A breath of fresh air at Paintsville Tourism welcome, portends good things to come | Opinion


Chesi Arnett wasted no time in taking the reins as director of Paintsville Tourism.

And we can say that we are delighted with the breath of fresh air that it represents and that it has already brought to the organization.

At his first meeting on October 18, Arnett led a charge that resulted in sweeping changes in the organization.

The Paintsville tourist office has moved from Stafford House to the US 23 Country Music Highway Museum. The board decided to remove the decorations that had been placed in the museum as the organization had attempted to use them for weddings, as opposed to tourist events.

And steps have been taken to consolidate the compensation and benefits of the organization’s employees.

Each of these steps, taken in isolation, is important because they strengthen Paintsville Tourism. But, looking at the organization’s past makes them all the more important.

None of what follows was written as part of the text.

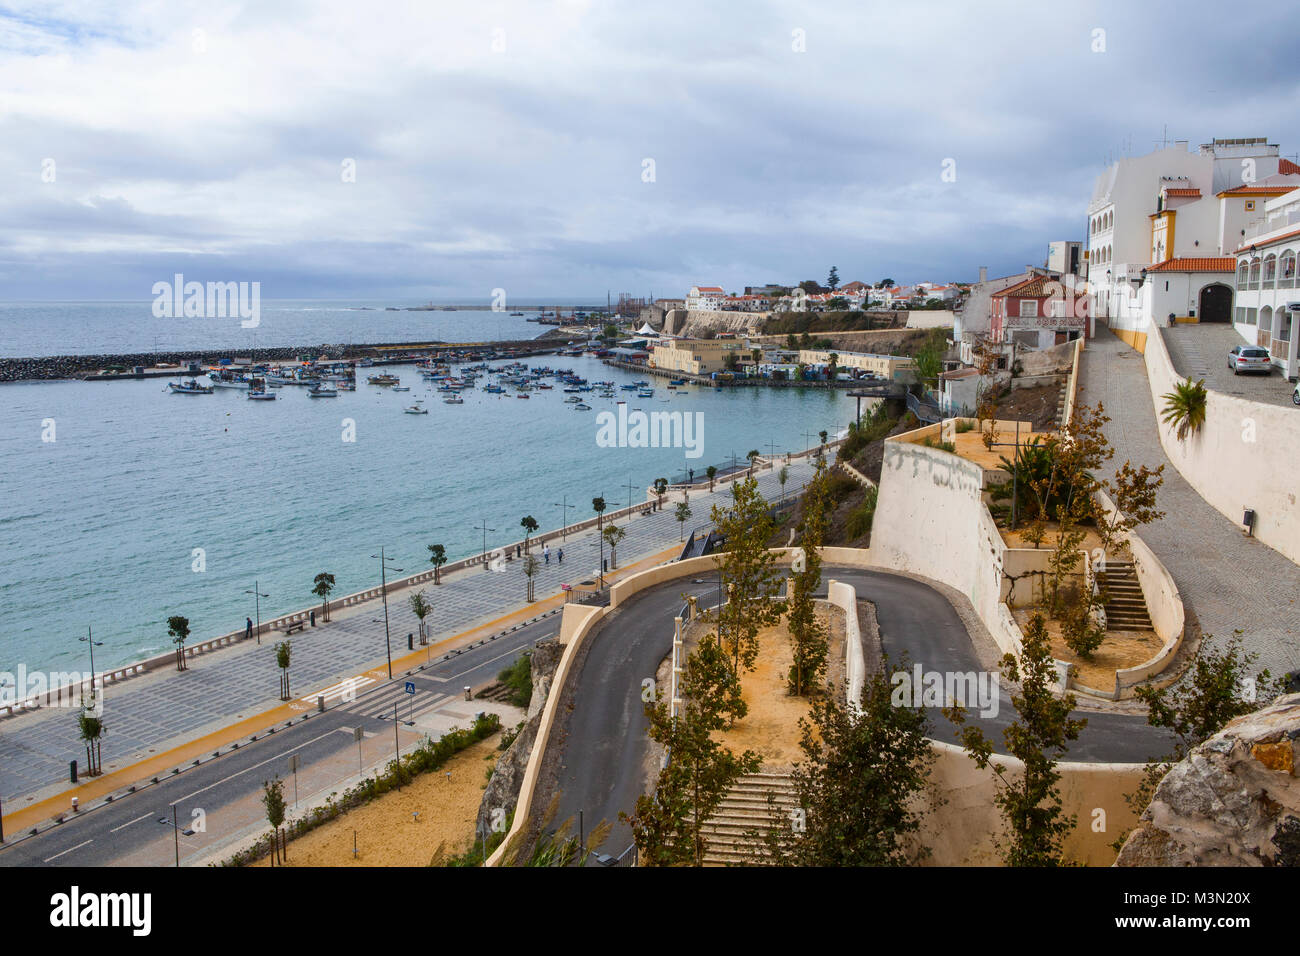 SINES, PORTUGAL - 11 octobre, 2015 : Vue de Praia Vasco da Gama à Sines, au Portugal. Banque D'Images
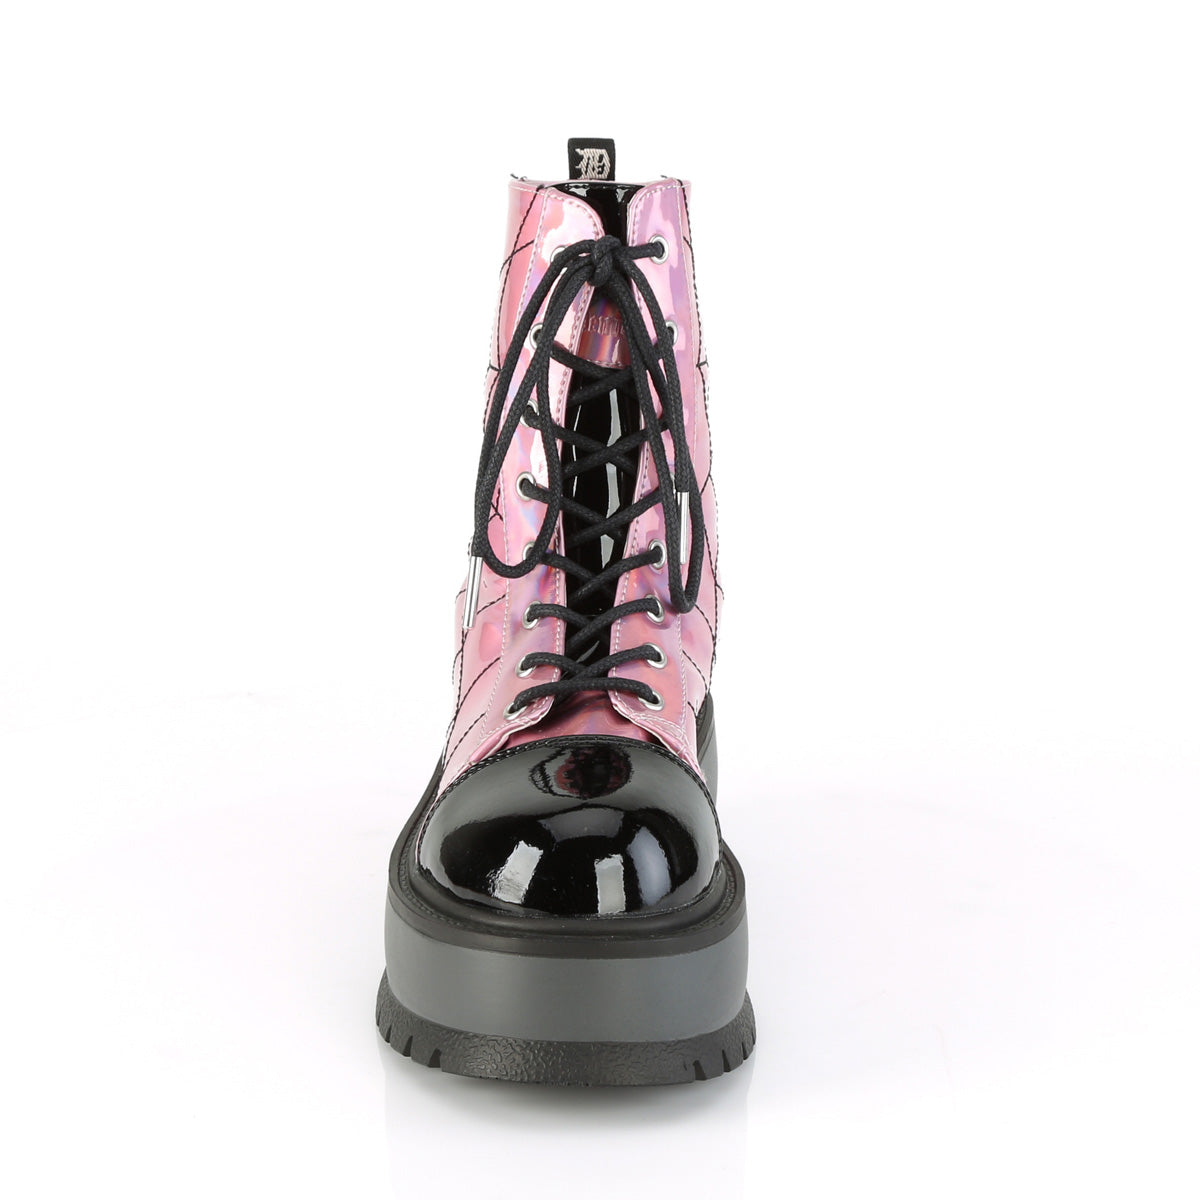 Spider Web Platform Boots Hologram Pink

Tourism will never replace the jobs that Johnson County is now lacking due to the regional decline of the coal industry. Let’s get rid of that up front. The fact that this industry is going through hard times has had an impact in eastern Kentucky and the loss of jobs is of a magnitude that no industry, other than manufacturing or other large-scale industrial commerce, will replace. .

But these jobs are hard to attract, and Eastern Kentucky, so far, has not found the only silver bullet to solve all of its problems. Instead, what should have been done years ago – economic diversification – has never been more important than it is today.

Paintsville and Johnson County have a lot to offer when it comes to tourism. Along with natural beauty and features that might draw visitors from afar, the community is filled with a history of the arts, especially in the realm of country music, which simply has yet to be tapped into.

Will these things solve all of our problems? No, but they can lead to the entry of outside money into the community. People coming for tourism will spend money directly on the tourist attraction, then potentially go shopping, spend money on gasoline and other needs, and eat at local restaurants. It is positive economic activity, something that we need. It is something that we critically need right now.

Arnett appears interested and invested in ensuring that the town’s tourism organization is functioning well and is able to attract visitors, as well as support tourism efforts. The fact that she led the changes – big changes, mind you – in a public meeting, externally and transparently, is also important, as the organization receives taxpayer dollars and serves a potentially vital purpose.

The Tourism Commission also deserves some praise in this regard, not least for responding so positively to Arnett’s suggestions and trusting him to guide the organization.

Hopefully, Arnett and the commission can lead a new charge to help Paintsville and Johnson County take full advantage of what has always been there and create much-needed economic activity.